Photo Credit: WWE.com
It's Twitter Request Line time, everyone! I take to Twitter to get questions about issues in wrestling, past and present, and answer them on here because 140 characters can't restrain me, fool! If you don't know already, follow me @tholzerman, and wait for the call on Wednesday to ask your questions. Hash-tag your questions #TweetBag, and look for the bag to drop Thursday afternoon (most of the time). Without further ado, here are your questions and my answers!

After his display ragdolling around the ring for best frenemie Kevin Owens last night, Sami Zayn is the first obvious answer. While nothing about his offense screams Smash Bros., the way he bumps is straight out of the game's physics engine. Triple H is another candidate because he's already got the hammer, and seeing him go berserk with it, Donkey Kong-style, would amuse me. Chuck Taylor and his hand grenade would fit in super-well, although his ongoing feud with children may not make him the best candidate for a kids' game. Finally, Leva Bates, or Blue Pants to y'all who only know her from her NXT jobber stints, would make the perfect Kirby-type candidate with all her wardrobe changes and assumed power absorbing from said costume deviations.

I wouldn't need to create one from scratch, because Vince McMahon and Dave Meltzer already have the best options. McMahon's hall is a sham, but it's a transparent sham. He picks whom he wants to go in for whatever reason, and he has no pretense about it. Meltzer's methodology is similar to the way "real" sports select their halls, but instead of journalists, he has newsletter subscribers vote, which is a way better voting pool. Peter King or Bill Plaschke have highfalutin agendas and an inflated sense of ego with no real desire for discussion past what gets them paid on national television. While the average WON subscriber/forum member may have an inflated sense of ego (I'm not entirely sure, I only know a few of them), the selection process comes with real, actual debate that is meaningful and germane. It's also debate that Meltzer himself participates in. I'm not into fixing what's not broke, and both McMahon and Meltzer have the right ideas with their halls.

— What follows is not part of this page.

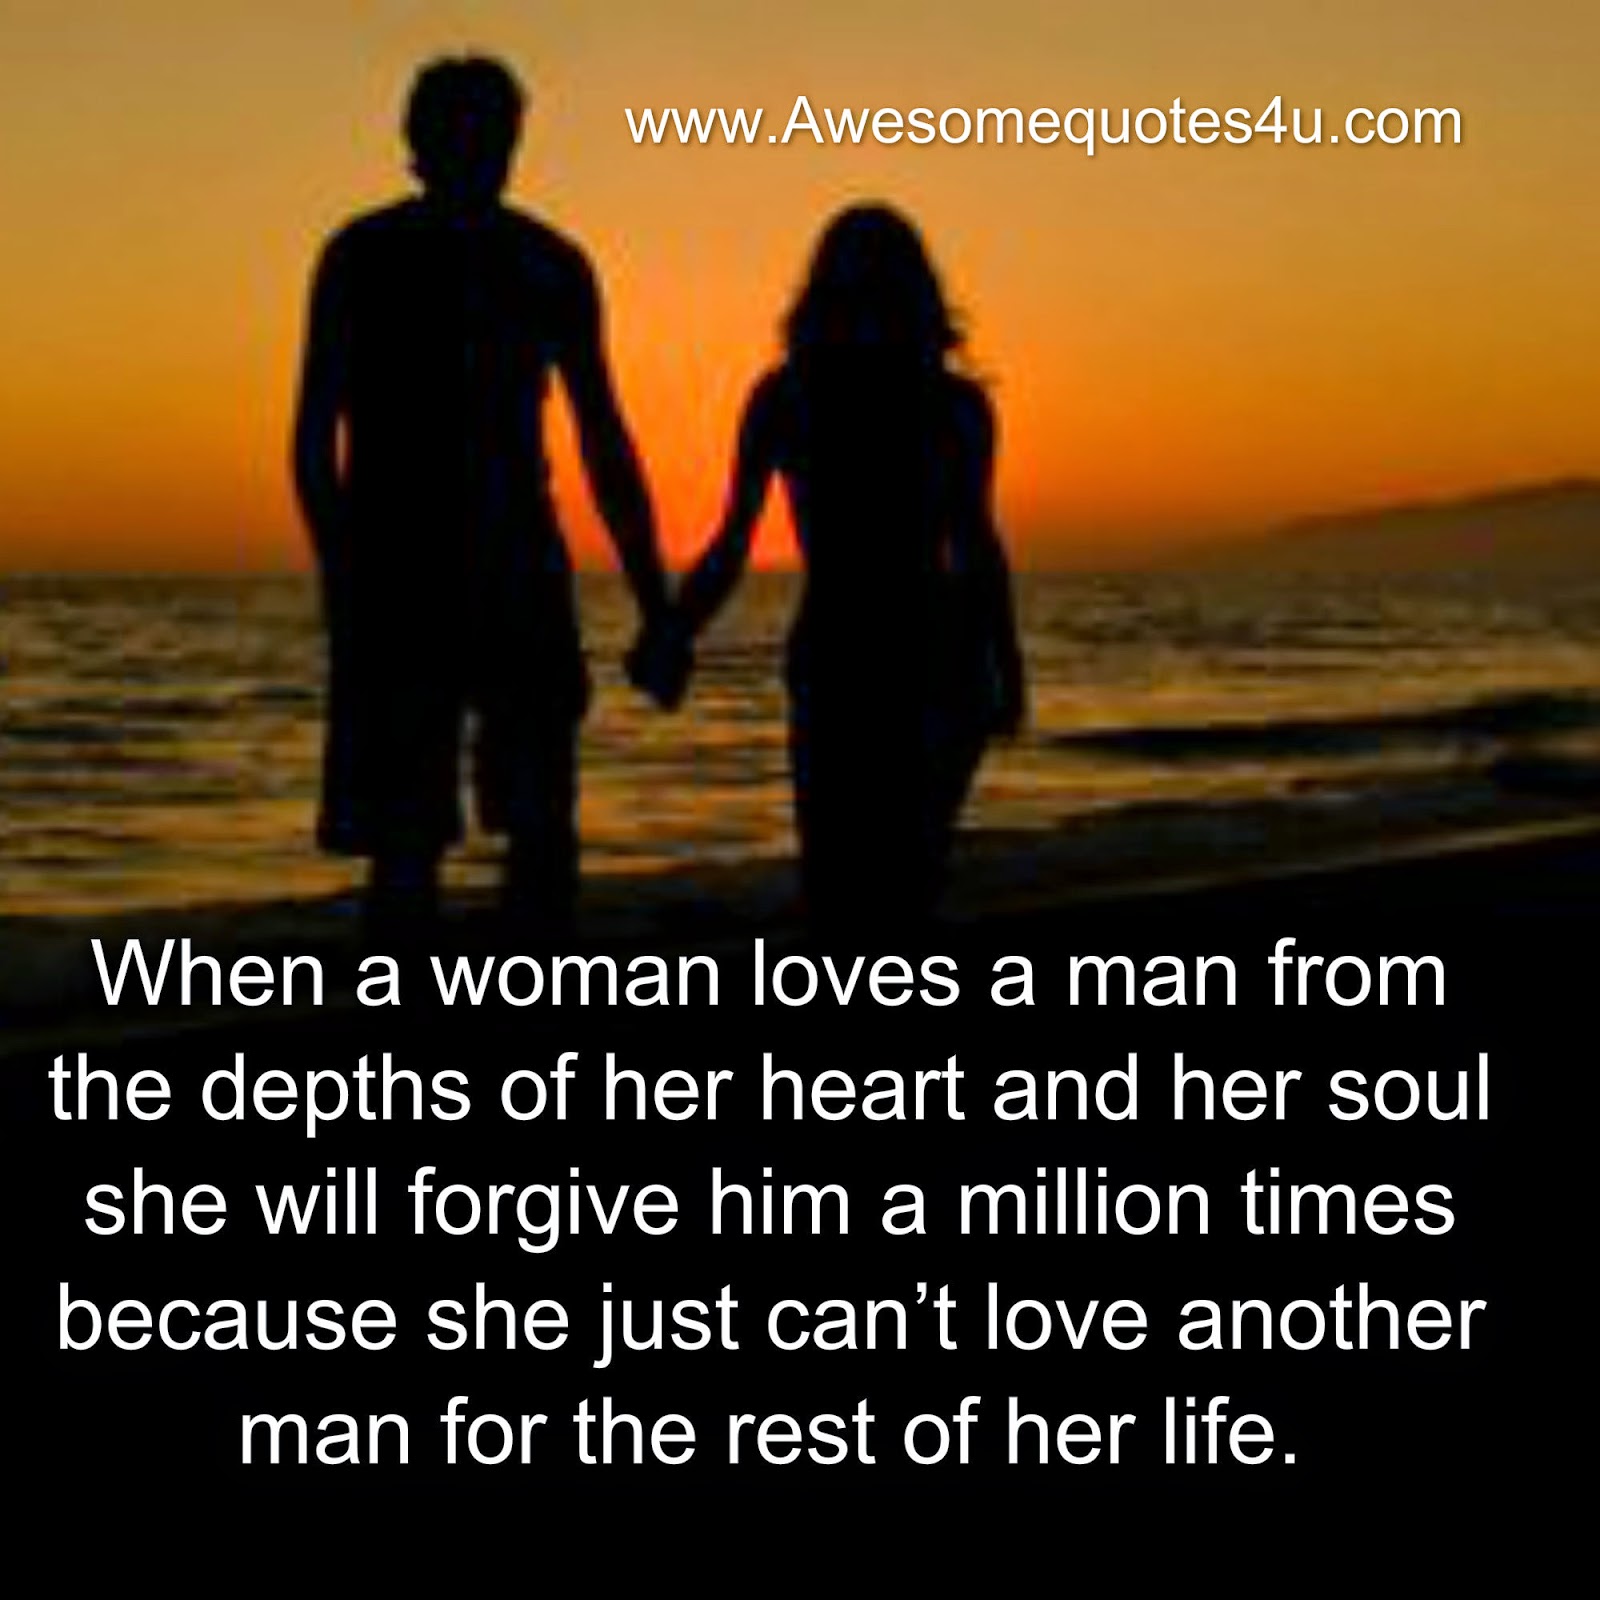 Awesome Quotes: A Woman Can Forgive A Million Times..
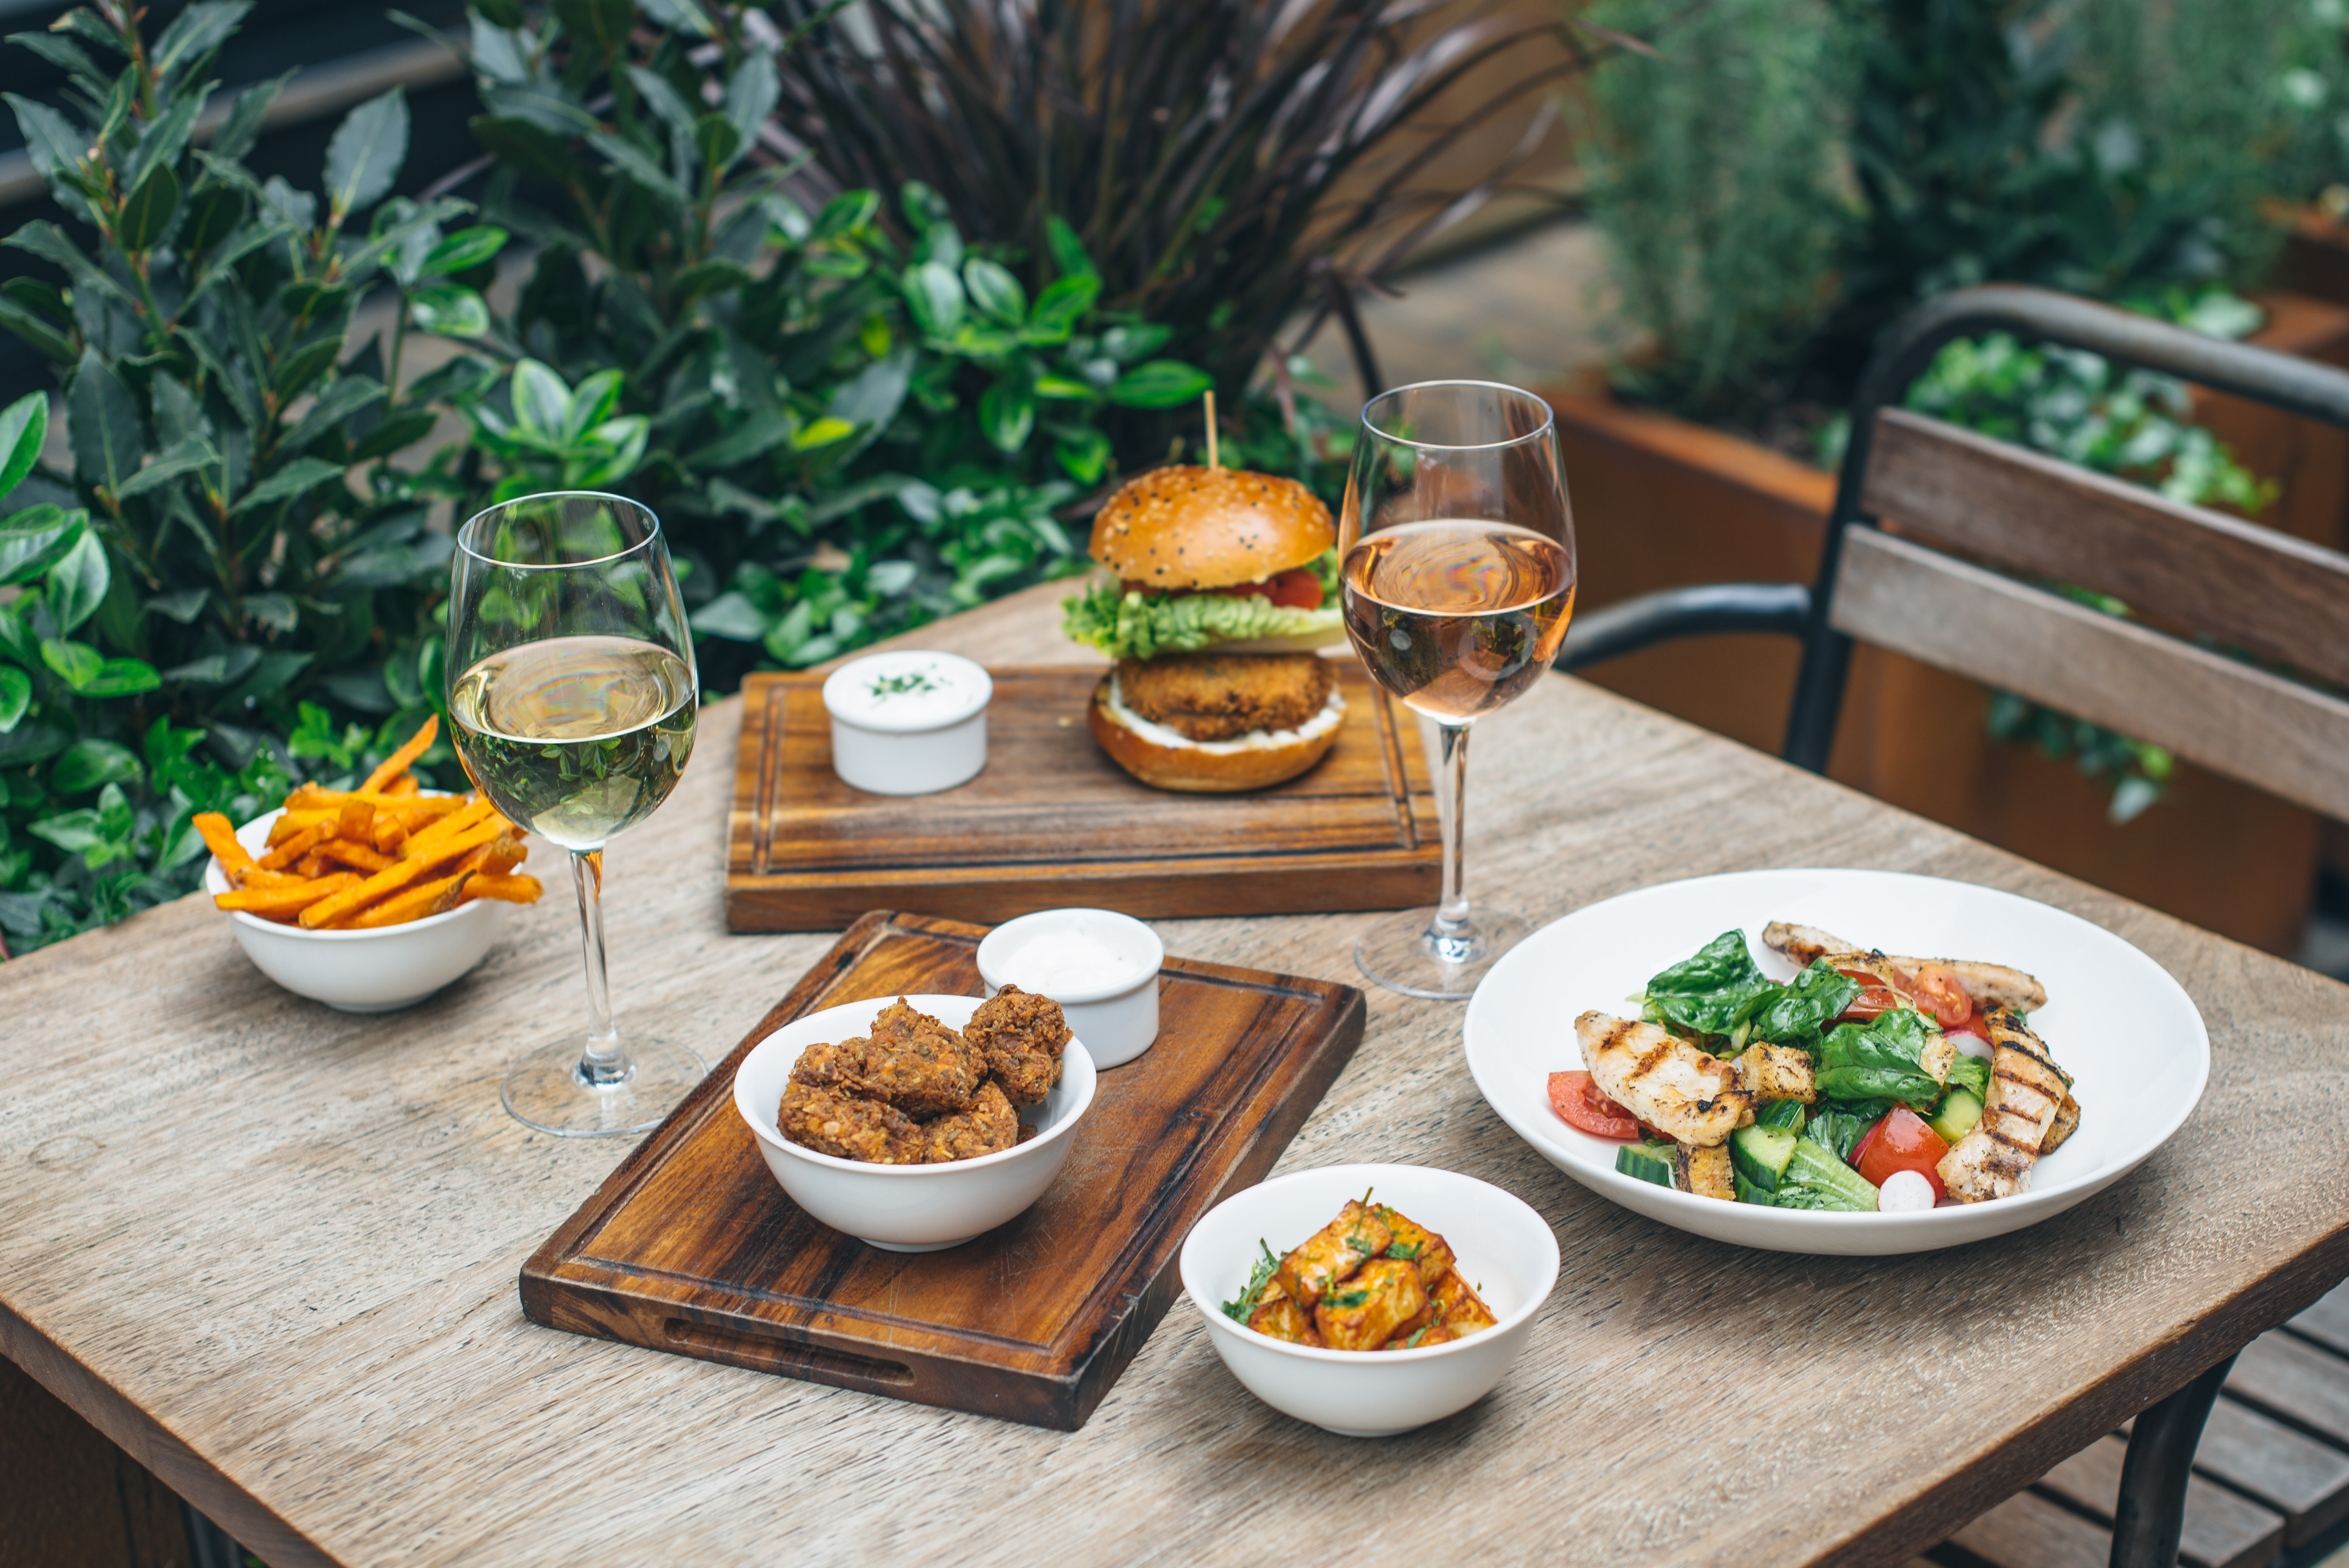 Free-range chicken burgers and salads with wine at Whyte and Brown, the free-range chicken restaurant in Kingly Court, Soho

Ideally, he's not Fandango anymore and is part of a newly revamped Authority hit squad that includes Sheamus and is led by Seth Rollins. Johnny Curtis is a total Triple H guy, and WWE dropped the ball by  not having him replace Batista in Evolution. (Yes, I am still bitter about The Shield breaking up.) It's clear the Fandango gimmick has no legs, and Curtis can do more than job hilariously to Roman Reigns and suggestively dance with a Diva du jour.

Realistically? Say hello to your EVOLVE 48 main event, Dirty Johnny Curtis vs. Chris Hero!

NJPW fans may be sick to death of the Bullet Club; I'm only a newbie New Japan fan, and I already am tired of the whole thing. However, I will take five more years of Bullet Club overkill if I can get every wrestling promotion in the world to eliminate the fucking evil authority figure character tomorrow. Real talk, that trope has done more to kill legitimate heel heat in most wrestling companies than t-shirt sales or cool heels or anything else people want to blame it on. Evil GMs/commissioners/matchmakers/poobahs/whatever are the only ones who can get over, and most of them can't deliver a meaningful payoff in the ring to end any effective angles. Bring me back the mostly silent authority figure. Bring me back Jack Tunney.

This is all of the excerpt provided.